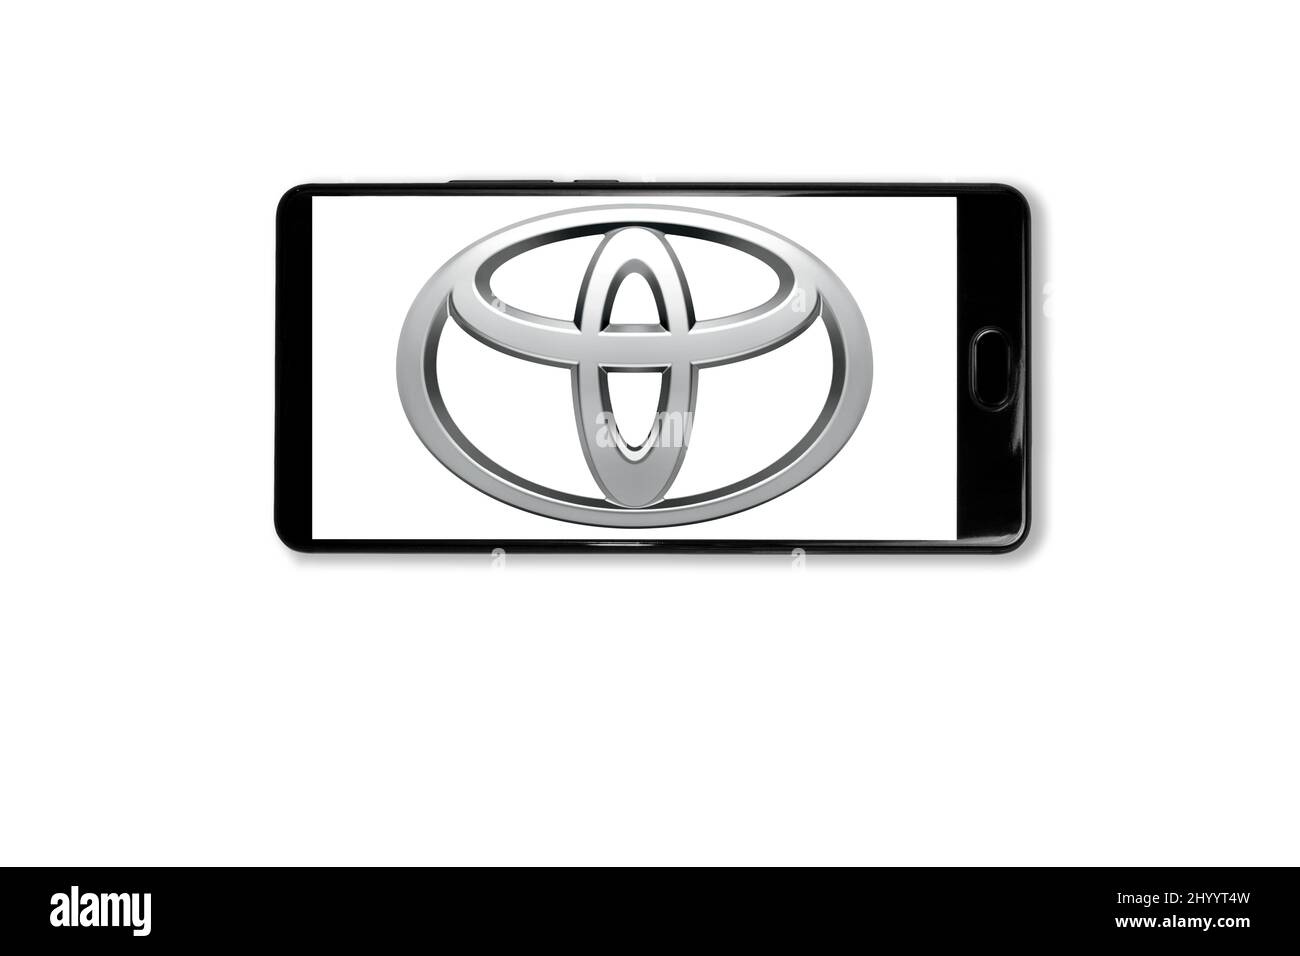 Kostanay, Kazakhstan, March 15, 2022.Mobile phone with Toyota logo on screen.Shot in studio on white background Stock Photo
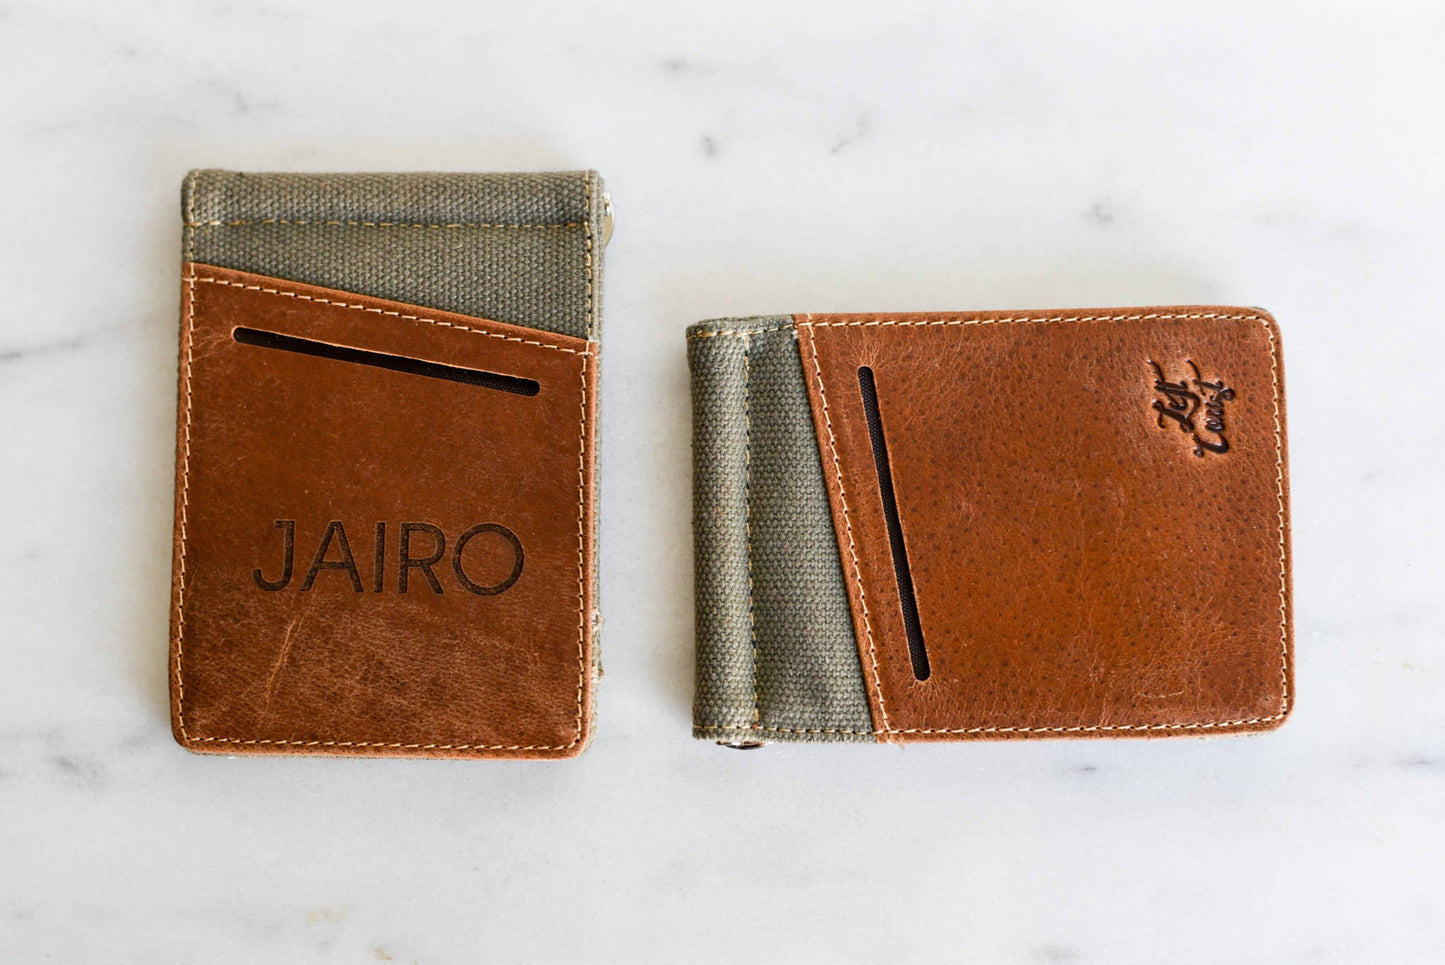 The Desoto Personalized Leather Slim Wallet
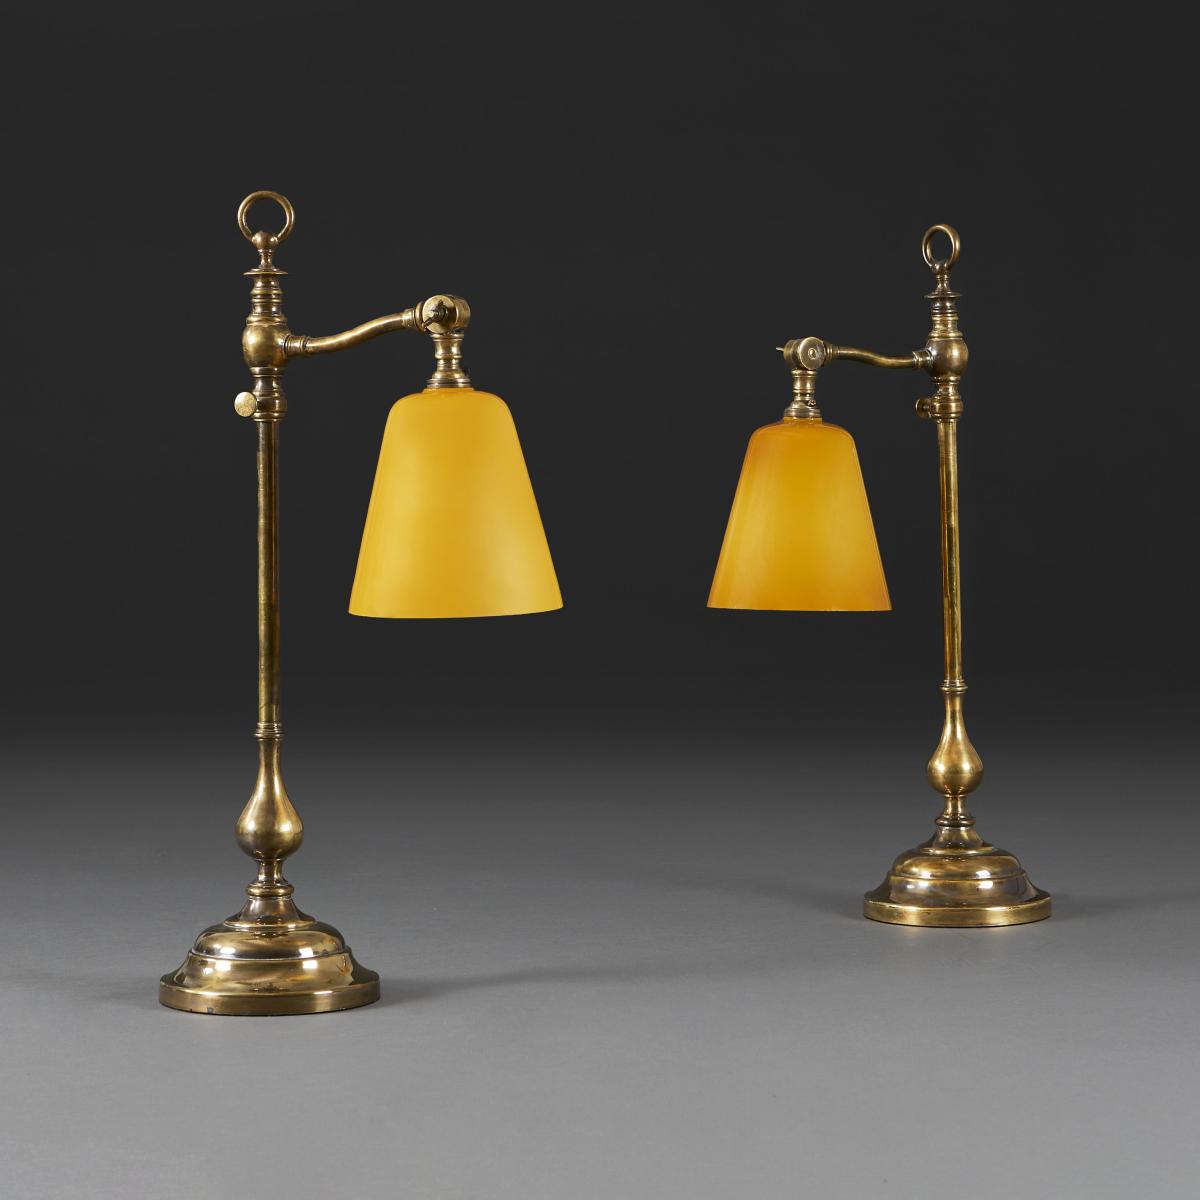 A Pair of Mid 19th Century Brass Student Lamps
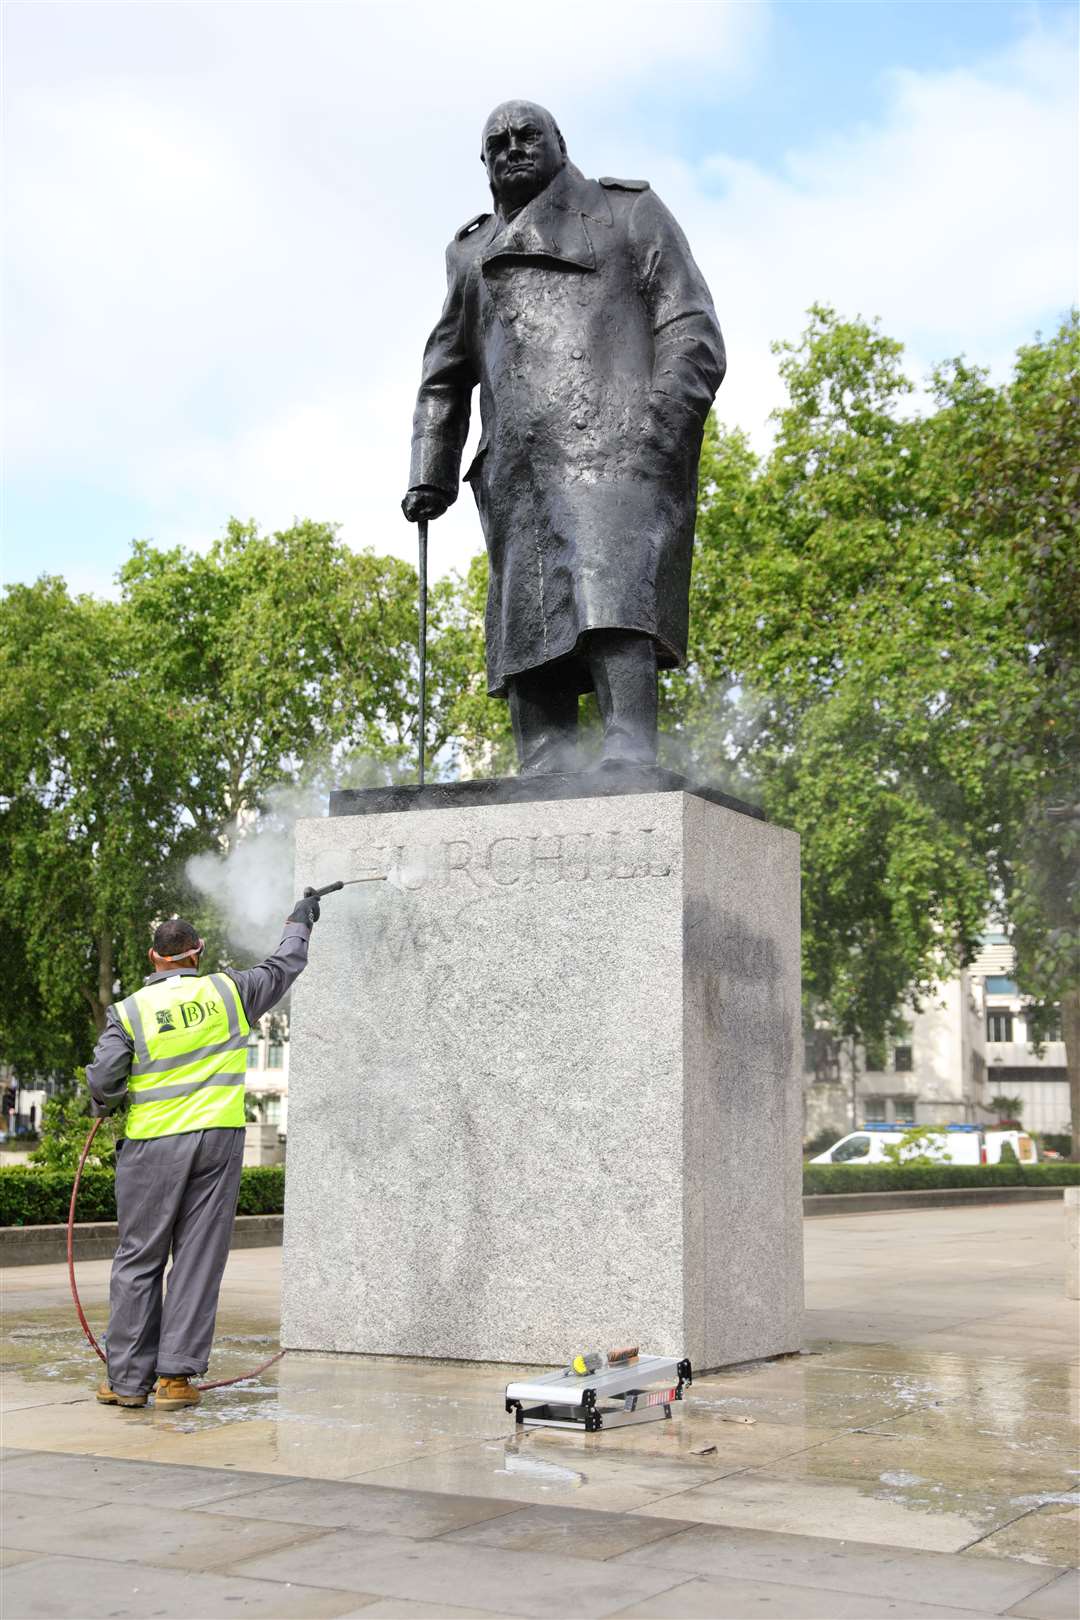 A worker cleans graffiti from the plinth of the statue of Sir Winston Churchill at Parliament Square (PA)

◆ ◆ ◆ ◆

The listing above should be repeated word for word, pictures removed.

 Kostanay, Kazakhstan, March 15, 2022.Mobile phone with Toyota logo on screen.Shot in studio on white background Stock Photo
 The Desoto Personalized Leather Slim Wallet
 A Pair of Mid 19th Century Brass Student Lamps
 A worker cleans graffiti from the plinth of the statue of Sir Winston Churchill at Parliament Square (PA)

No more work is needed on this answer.